Jerry Whitney wanted to make sure that he did all he could to let everyone in Scottsville know they had a place to stay that would be warm and provided with food. He opened up his auction house behind his home and decided to let people in.

"You've got people here that, with the temperatures like they were, they could've froze to death," says Whitney.

He says he got the idea the night of New Years Eve, looking outside at a building he knew could hold people in the cold.

"We decided to put food out here and get all of our heaters cranked up. I told them, I said we won't have any mattresses or places to really sleep but you'll have a warm place to stay and food in your belly," he adds.

But quickly, several church groups and other organizations stopped by, providing more food and bedding.
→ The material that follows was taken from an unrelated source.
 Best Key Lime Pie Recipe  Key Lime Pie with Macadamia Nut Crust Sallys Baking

"They're the true heroes. The couple who was just in here, that's your true heroes right there," Whitney says, referring to a man and woman who had come by bringing blankets and dinner.

But those close to Whitney say he's a hero, too.
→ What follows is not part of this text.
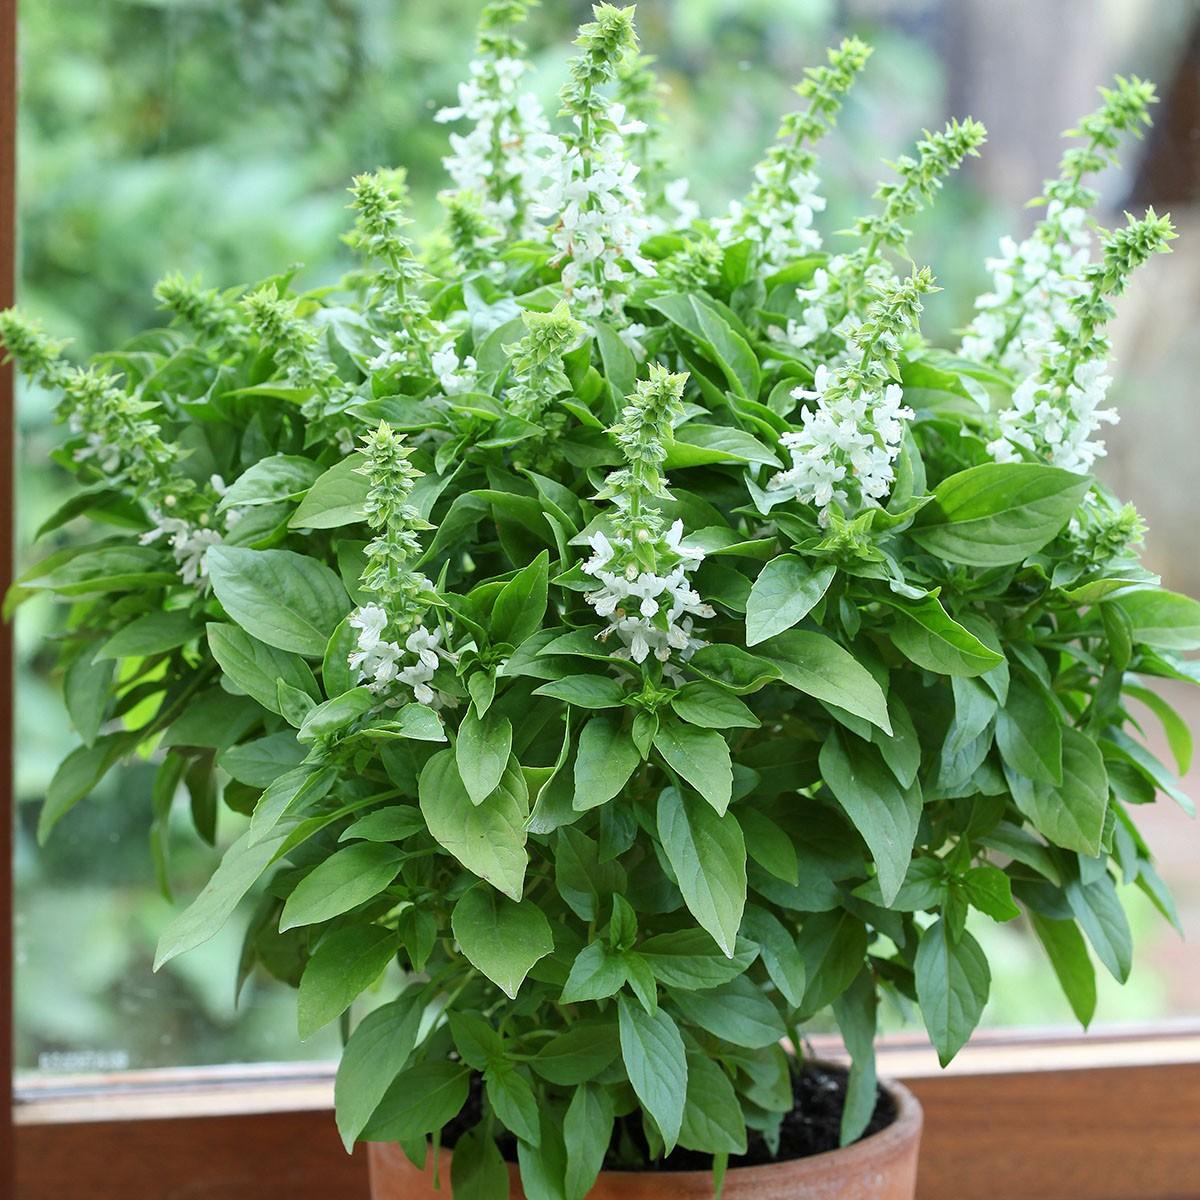 Blüten-Basilikum 'Floral Spires White' | einjährig
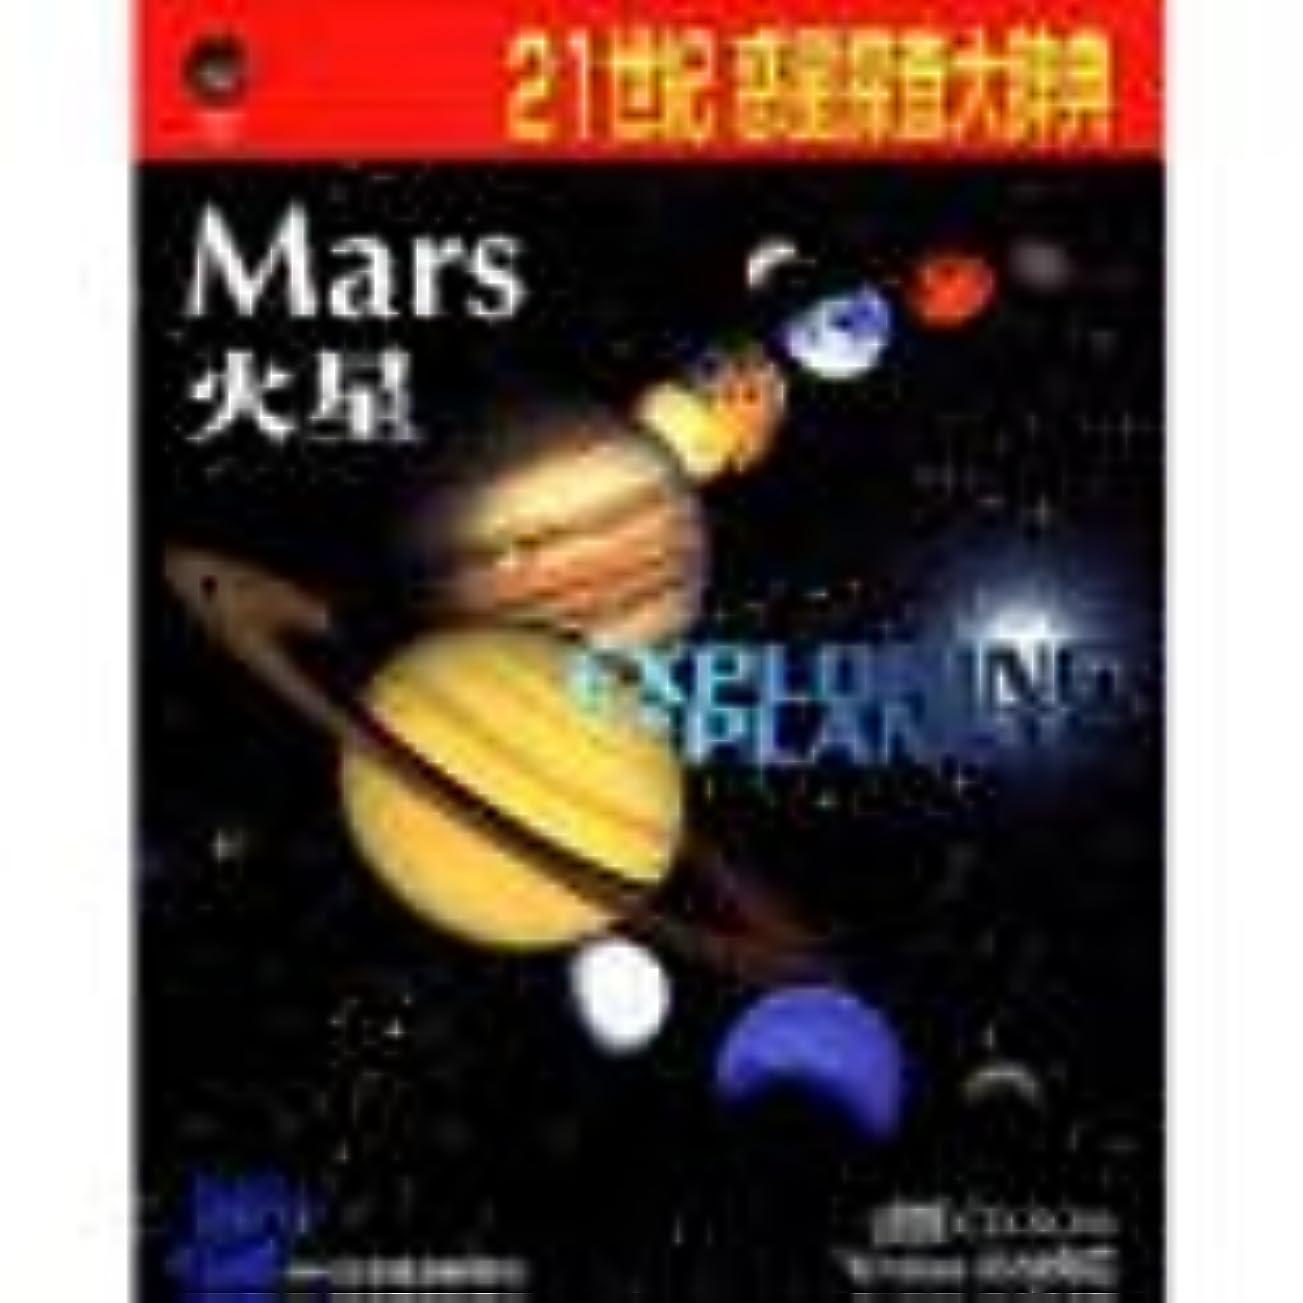 審判鏡キャラクター21世紀 惑星探査大辞典 火星

"He's always gone above and beyond for people. It doesn't matter what it is. If you need it, he'll come up with it. He'd give his last dollar to somebody," says Brandon Norris, who works with Whitney.

Whitney says part of what makes him want to open his doors is knowing what it's like to be in a situation similar to theirs.
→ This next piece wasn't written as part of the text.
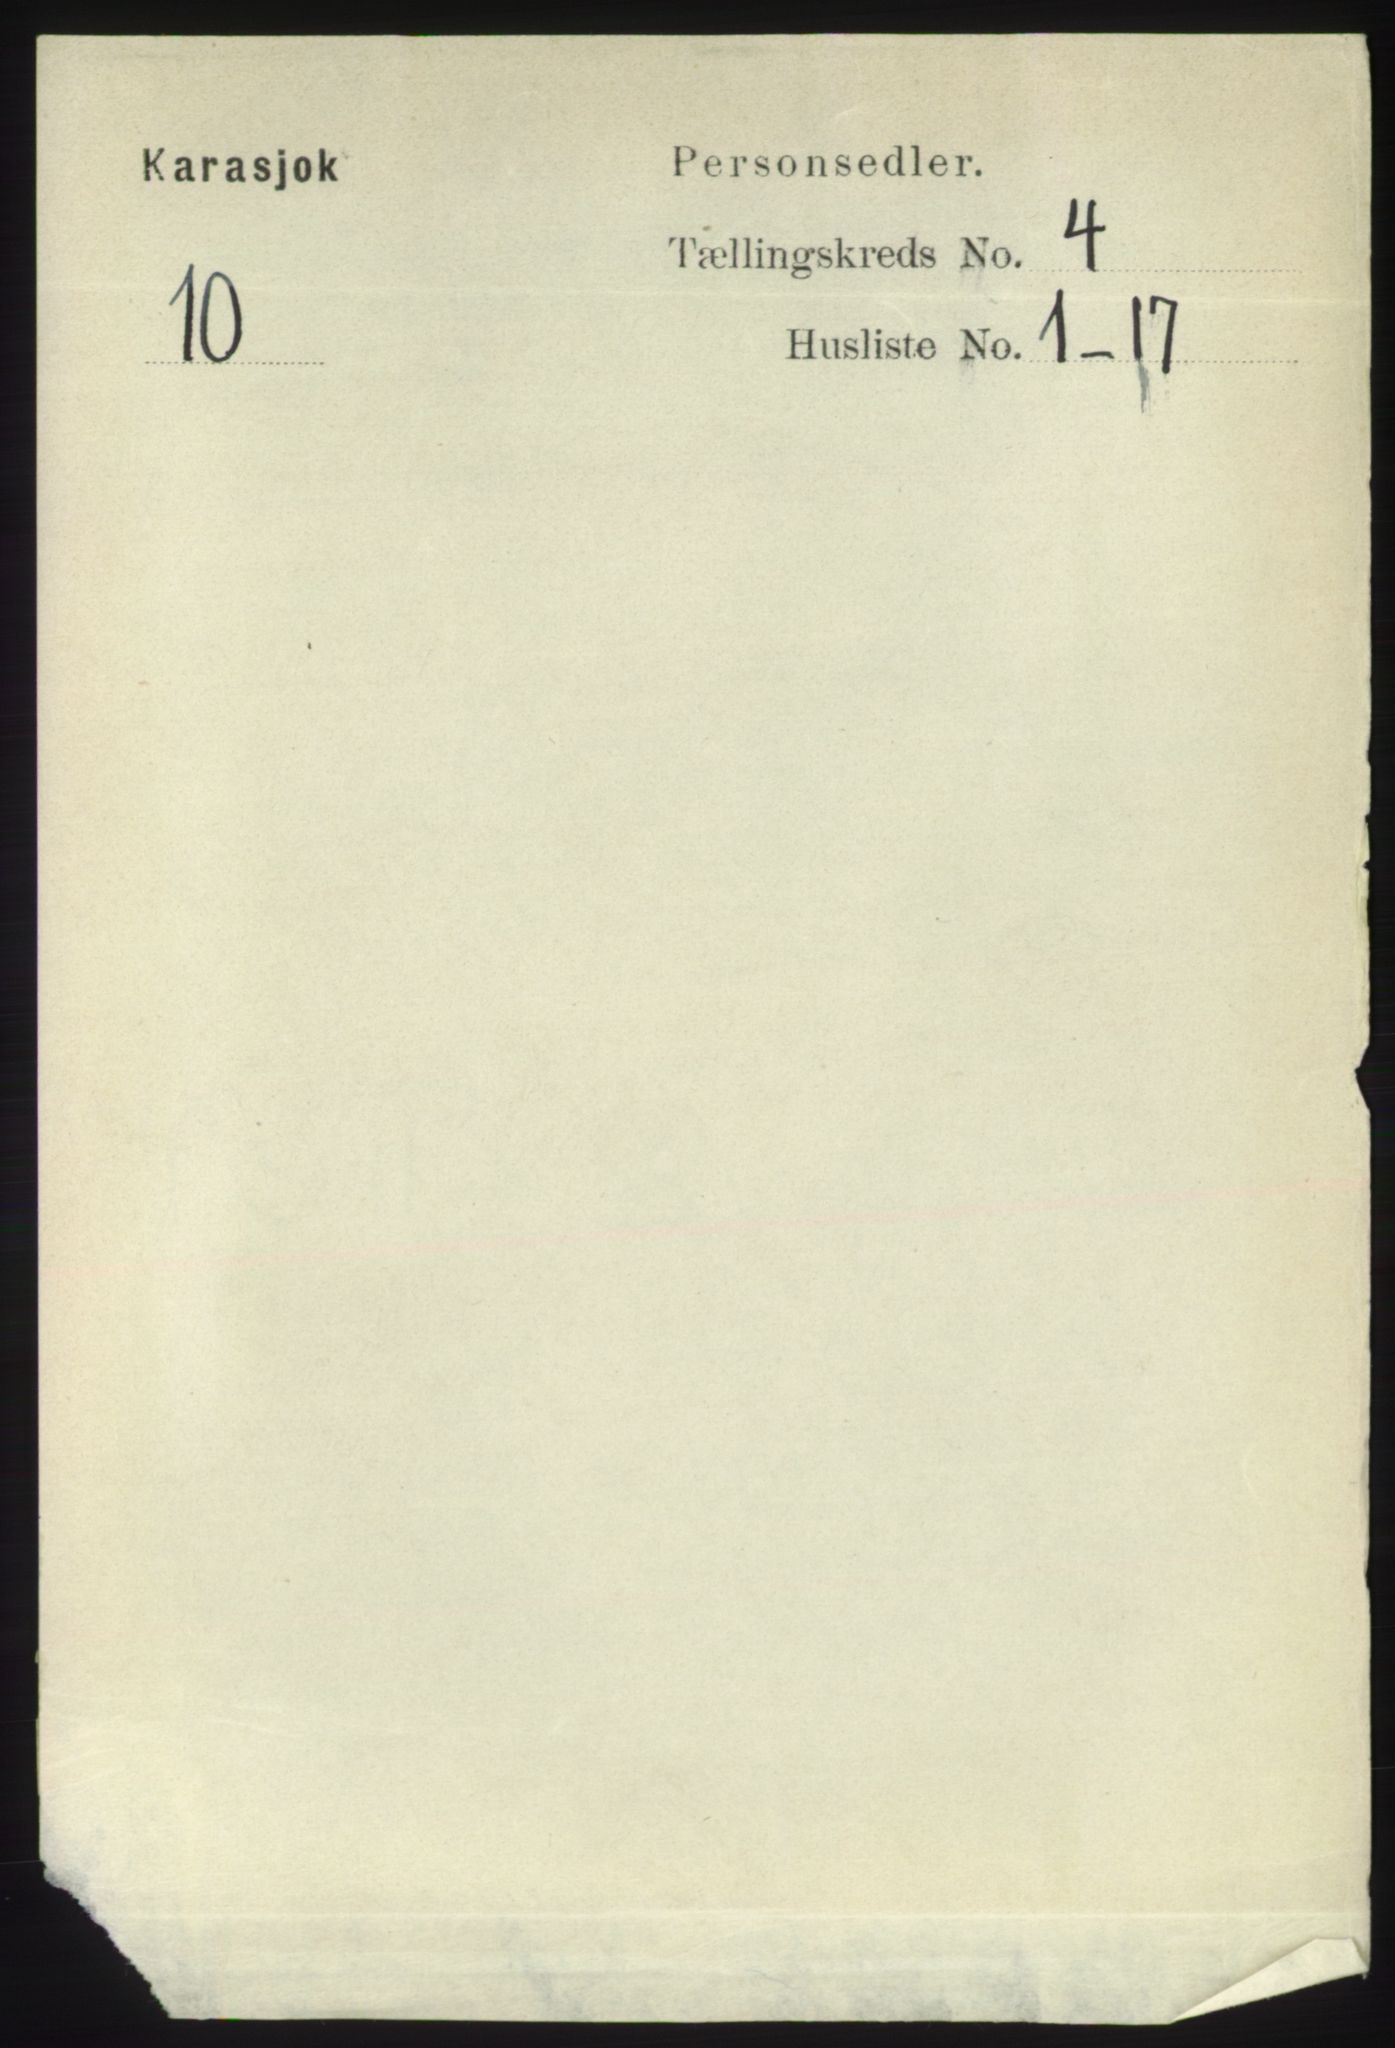 RA, Folketelling 1891 for 2021 Karasjok herred, 1891, s. 692

"There was eight of us kids staying in a one bedroom house. And I can remember we had three beds. Sort of like it is here, we had three beds in one bedroom," then, going on to say, "A lot of people out there, they've never had to choose. Do I pay my light bill? Do I pay my car payment? Or do I get my kids some clothes and food? They've never had to make that decision, and I've had to make that decision before."

Now with blankets on the floor and food on the tables, Whitney says as of a few just days into the new year, three people were staying in the aution house, and he expected several more.

"We've actually had people from Bowling Green and Alvaton calling, trying to make their way here."

"When I first thought of this you know your body says, man you've got so many other things going on, so many irons in the fire. Your body says no, no, no, but then your heart says, yeah this needs to be done," he says.

Whitney tells 13 News, "Somebody said, 'well man you're leaving your business open all night long, you know people could steal stuff.' It don't matter. I just don't want nobody freezing."

He says anyone who needs a place to stay, is welcome to stop by.

"People feel like they have to explain themselves, and I don't care what brought them to a spot of being homeless. I just don't want them being homeless, and I just don't want them being cold."

For opening up the space that he could. Making sure everyone he was able of taking care of had a place to stay, we honor Jerry Whitney as this week's Hughes and Coleman Hometown Hero.

He says he's hoping to be able to start something more permanent to help the homeless in Allen County. His auction house is located at 512 East Walnut Street in Scottsville.